Additionally, the Securities and Exchange Board of India (SEBI) has played a crucial role by sharing findings that pointed to a dramatic increase in corporate loans by Reliance Home Finance Ltd. (RHFL), from Rs 3,742.6 crore in FY 2017–18 to Rs 8,670.8 crore in FY 2018–19. SEBI’s report also alleged that Reliance Infrastructure diverted around Rs 10,000 crore through a company named CLE Pvt Ltd., which was not disclosed as a related party, bypassing shareholder and audit approvals. However, Reliance Infrastructure disputes these figures, claiming the exposure was Rs 6,500 crore and that recovery efforts are underway through legal mediation.

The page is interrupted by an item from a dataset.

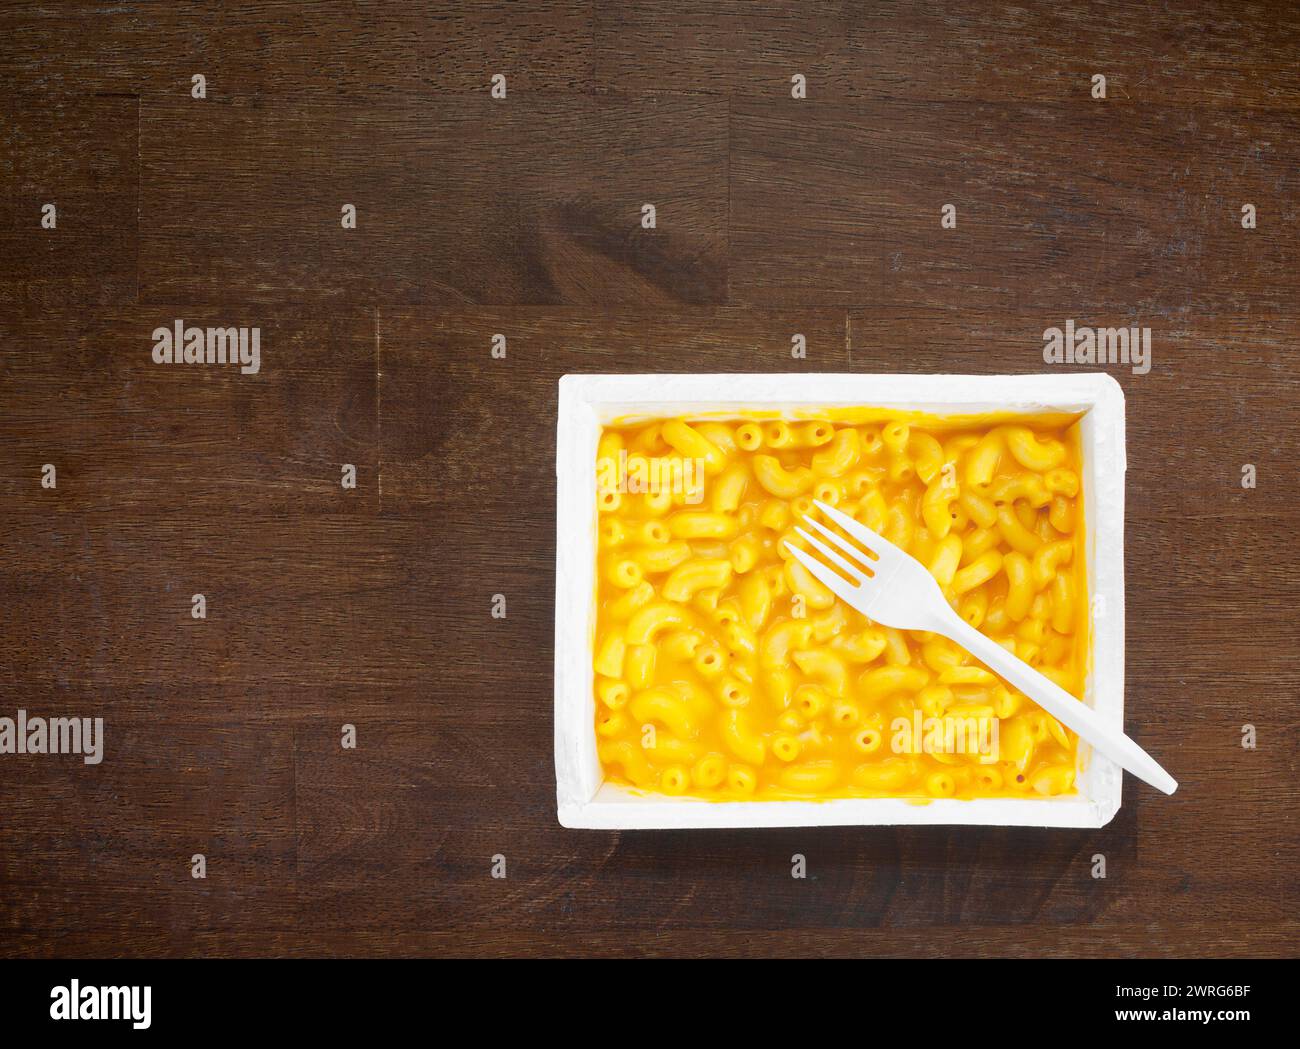 Ready to eat macaroni and cheese microwave dinner and plastic fork Stock Photo

Anil Ambani’s Role and ED’s Actions
The ED has summoned Anil Ambani for questioning on August 5, 2025, at its Delhi headquarters to record his statement under the PMLA. This follows extensive searches conducted from July 24, 2025, across 35 premises linked to 50 companies and 25 individuals associated with the Reliance Group. A lookout circular was issued against Ambani on August 1, 2025, preventing him from leaving India without prior approval from the investigating officer. This measure underscores the agency’s intent to ensure Ambani remains available for the ongoing probe.
The investigation also extends to other financial irregularities, including Reliance Communications Ltd. (RCom), which the State Bank of India (SBI) classified as fraudulent, with an exposure of Rs 2,227.64 crore in loans and Rs 786.52 crore in bank guarantees. Additionally, the ED is probing undisclosed foreign bank accounts, a Rs 1,050-crore fraud involving Canara Bank, and a suspected Rs 2,850-crore investment by Reliance Mutual Fund in Yes Bank’s AT-1 bonds, which were later written off, raising further suspicions of a quid pro quo.
Reliance Group’s Response
Reliance Power and Reliance Infrastructure have issued statements to stock exchanges, distancing themselves from the allegations. They claim the ED’s actions pertain to older transactions involving RCom and RHFL, which have no bearing on their current operations or financial performance. The companies emphasized that Anil Ambani has not been on their boards since March 2022 and that the raids have had “absolutely no impact” on their stakeholders. Reliance Infrastructure also stated that it has settled its Rs 6,500-crore exposure through mediation and is pursuing recovery through the Bombay High Court.
What’s Next?
The arrest of Partha Sarathi Biswal marks a pivotal moment in the ED’s investigation, which is likely to uncover further details as it progresses. With Anil Ambani scheduled for questioning and ongoing probes into multiple financial irregularities, the case could have significant implications for the Reliance Group and India’s corporate governance landscape. The ED’s focus on loan diversions, fake guarantees, and potential bribery highlights the need for stricter oversight in corporate lending practices.
As the investigation unfolds, all eyes will be on the ED’s next moves and Anil Ambani’s response to the allegations. For now, this case serves as a stark reminder of the complexities and risks inherent in high-stakes corporate financing.
Disclaimer: This article is based on publicly available information and does not constitute legal or financial advice. The investigation is ongoing, and all parties are presumed innocent until proven guilty.